Derek Nalls wrote on Sun, May 25, 2008 02:14 PM UTC:

Well, when you said ...

'Actually the chance for twice the same flip in a row is 1/2.'

... that was vague and misleading.

I thought you meant 'heads' twice OR 'tails' twice equals a chance of
1/2 instead of the sum of 'heads' twice AND 'tails' twice equals a chance
of 1/2.

Since English is a second language to you, of course I will overlook this
minor mis-communication and even apologize for implicitly accusing you 
of incompetence.  However, you should expect that you will draw critical 
reactions from others when you have previously, falsely, explicitly
accused them of incompetence in a subject matter.
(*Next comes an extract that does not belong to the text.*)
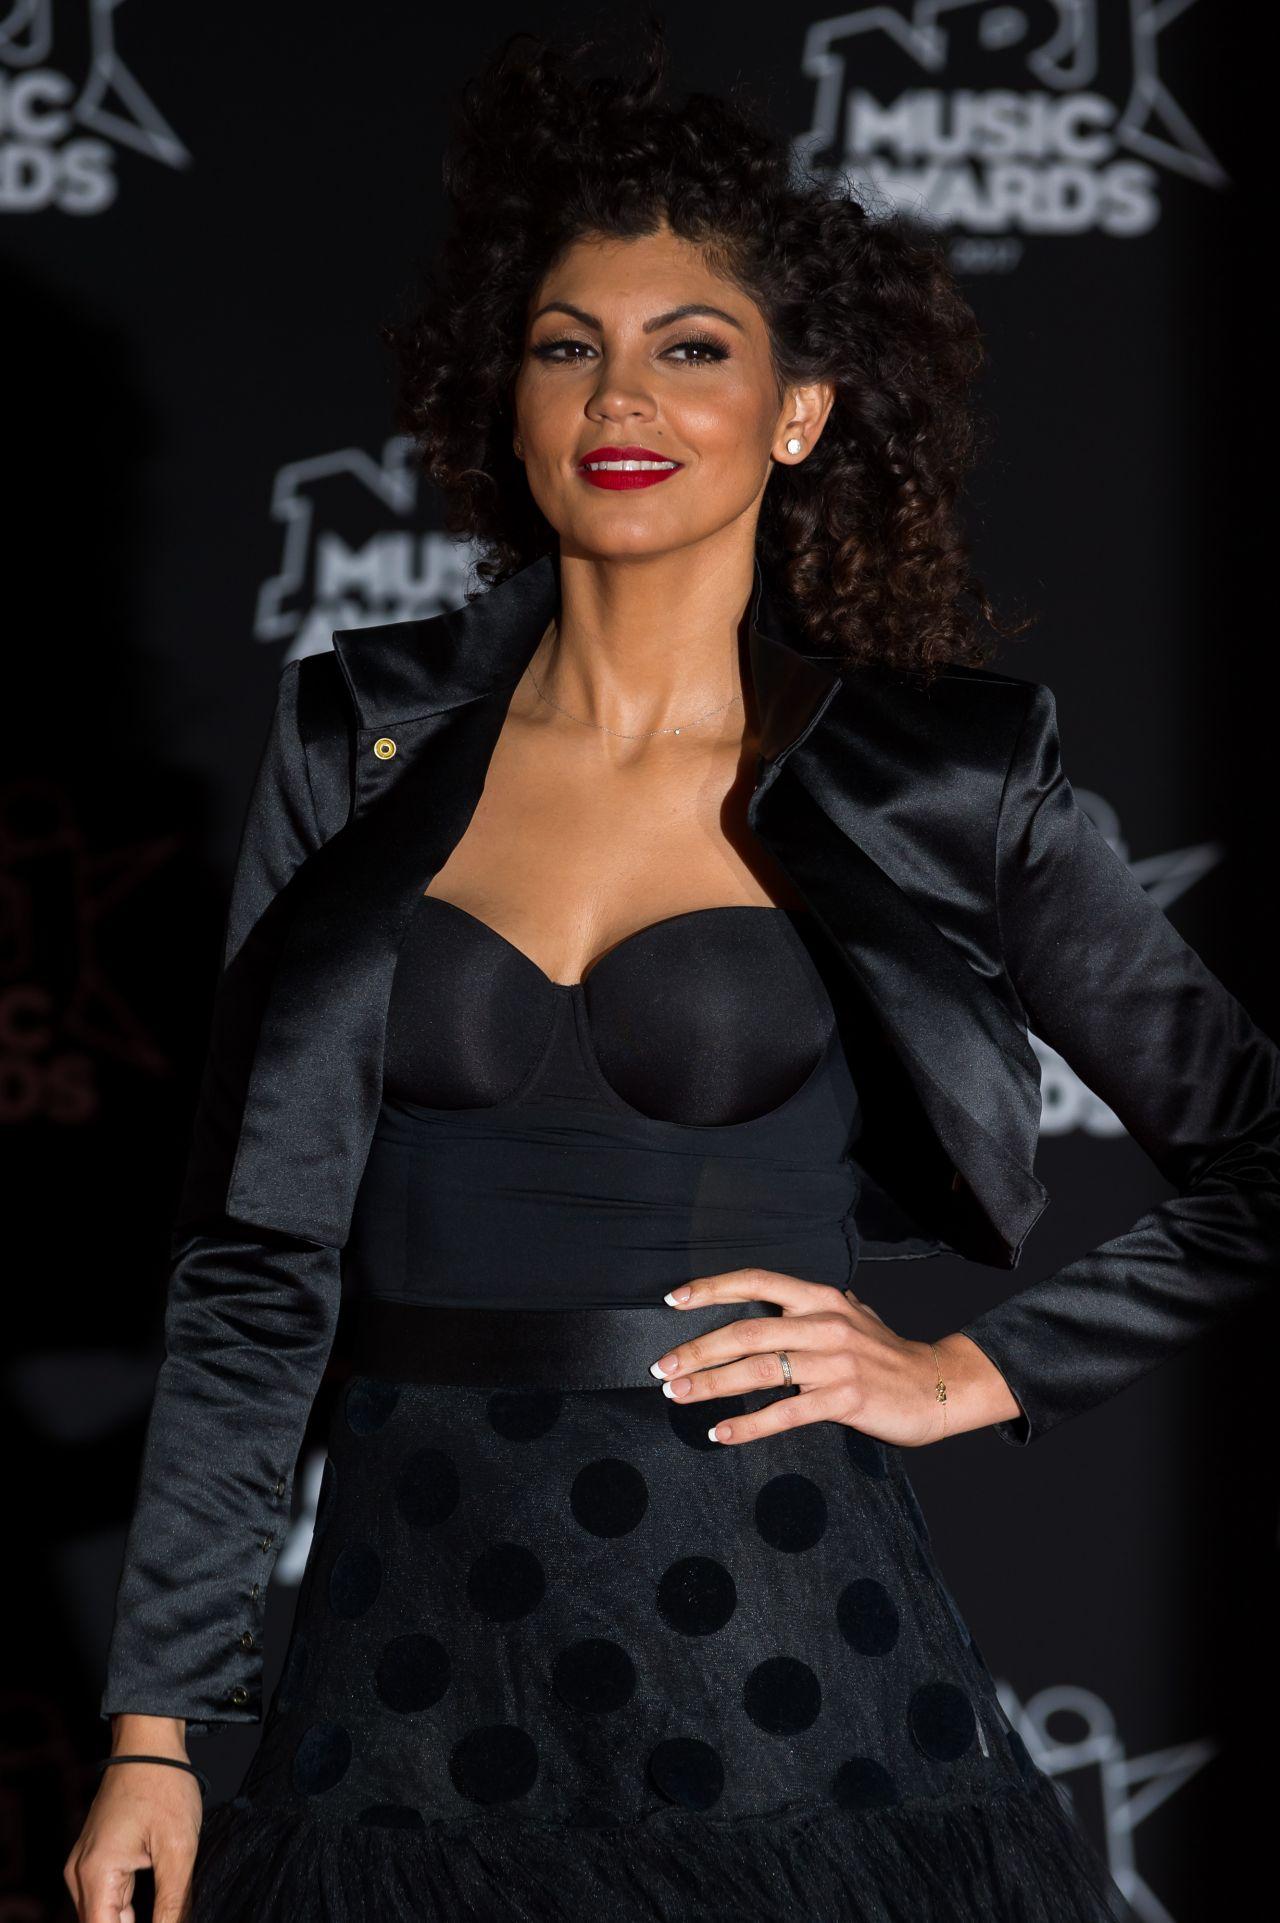 Nawell Madani Nrj Music Awards Ceremony Cannes

Tony Hecker wrote on Sun, May 25, 2008 01:47 PM UTC:

'Actually the chance for twice the same flip in a row is 1/2.'

H.G. is correct here.
- The probability of two heads in a row is 1/4.
- The probability of two tails in a row is 1/4.
- The probability of two same flips in a row is the sum of these two
outcomes: 1/4 + 1/4 = 1/2.

Another way to think about it:
With two coin flips, there are 4 equally likely outcomes: HH, HT, TH, TT.
In 2 of the 4 (equally likely) outcomes, the same flip result occurs twice
in a row.

H. G. Muller wrote on Sun, May 25, 2008 11:13 AM UTC:

Indeed, it is a stochastic way to simulate mobility evaluation. In the presence of other terms it should of course not be made so large that it dominates the total evaluation. Like explicit mobility terms should not dominate the evaluation. But its weight should not be set to zero either: properly weighted mobility might add more than 100 Elo to an engine.
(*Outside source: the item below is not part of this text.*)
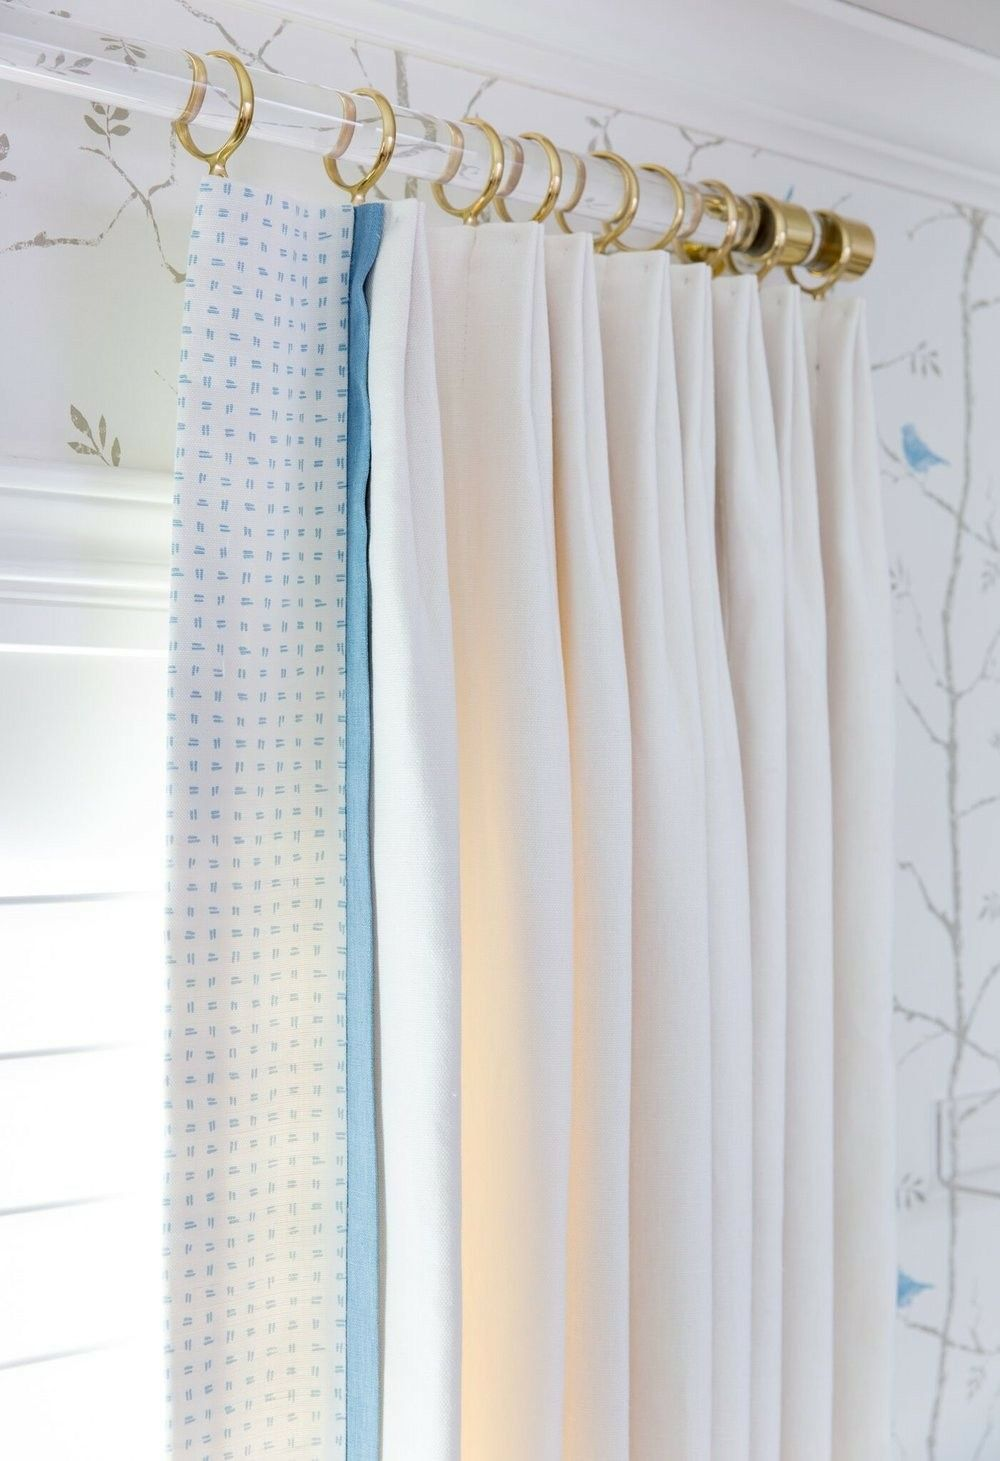 Fabric Trim Used At Leading Edge Jennifer Barron Interiors

Joker has no explicit mobility in its evaluation, and relies entirely on
this probabilistic mechanism to simulate it. The disadvantage is that,
because of the probabilistic nature, it is not 100% guaranteed to always
take the best decision. On rare occasions the single acceptable end leave
does draw a higher random bonus than one-hundred slightly better positions
in another branch. OTOH it is extremely cheap to implement, while explicit
mobility is very expensive. As a result, I might gain an extra ply in
search depth. And then it becomes superior to explicit mobility, as it
only counts tactically sound moves, rather than just every move. So it is
like safe mobility verified by a full Quiescence Search.

In my assesment, the probabilistic mobility adds more strength to Joker
than changing the Rook value by 50cP would add or subtract. This can be
easily verified by play-testing. It is possible to switch this evaluation
term off. In fact, you have to switch it on, but WinBoard does this by
default. To prevent it from being switched on, one should run WinBoard
with the command-line option /firstInitString='new'. (The default
setting is 'new\nrandom'. If Joker is running as second engine, you
will of course have to use /secondInitString='new'.)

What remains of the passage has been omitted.